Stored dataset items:

┏━━

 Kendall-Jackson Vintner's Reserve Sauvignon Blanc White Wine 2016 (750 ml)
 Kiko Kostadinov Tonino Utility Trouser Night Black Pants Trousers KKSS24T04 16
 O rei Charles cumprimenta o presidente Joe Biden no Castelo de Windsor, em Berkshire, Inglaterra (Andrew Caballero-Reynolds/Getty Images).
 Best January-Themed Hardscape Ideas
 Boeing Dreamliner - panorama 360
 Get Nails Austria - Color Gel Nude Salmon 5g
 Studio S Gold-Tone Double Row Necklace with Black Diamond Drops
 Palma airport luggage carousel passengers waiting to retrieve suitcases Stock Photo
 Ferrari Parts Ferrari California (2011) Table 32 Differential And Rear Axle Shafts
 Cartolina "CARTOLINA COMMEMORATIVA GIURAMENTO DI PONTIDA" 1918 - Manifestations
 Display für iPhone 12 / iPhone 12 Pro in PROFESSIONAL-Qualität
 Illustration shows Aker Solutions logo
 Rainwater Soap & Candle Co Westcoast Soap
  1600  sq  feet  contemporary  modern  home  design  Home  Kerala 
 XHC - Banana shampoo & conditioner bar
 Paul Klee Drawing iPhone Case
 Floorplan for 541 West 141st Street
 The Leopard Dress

┗━━

Return only what runs from the line containing "Palma airport luggage" to the last line of the records above, both ends included, exactly as written.

Exercise answer:
 Palma airport luggage carousel passengers waiting to retrieve suitcases Stock Photo
 Ferrari Parts Ferrari California (2011) Table 32 Differential And Rear Axle Shafts
 Cartolina "CARTOLINA COMMEMORATIVA GIURAMENTO DI PONTIDA" 1918 - Manifestations
 Display für iPhone 12 / iPhone 12 Pro in PROFESSIONAL-Qualität
 Illustration shows Aker Solutions logo
 Rainwater Soap & Candle Co Westcoast Soap
  1600  sq  feet  contemporary  modern  home  design  Home  Kerala 
 XHC - Banana shampoo & conditioner bar
 Paul Klee Drawing iPhone Case
 Floorplan for 541 West 141st Street
 The Leopard Dress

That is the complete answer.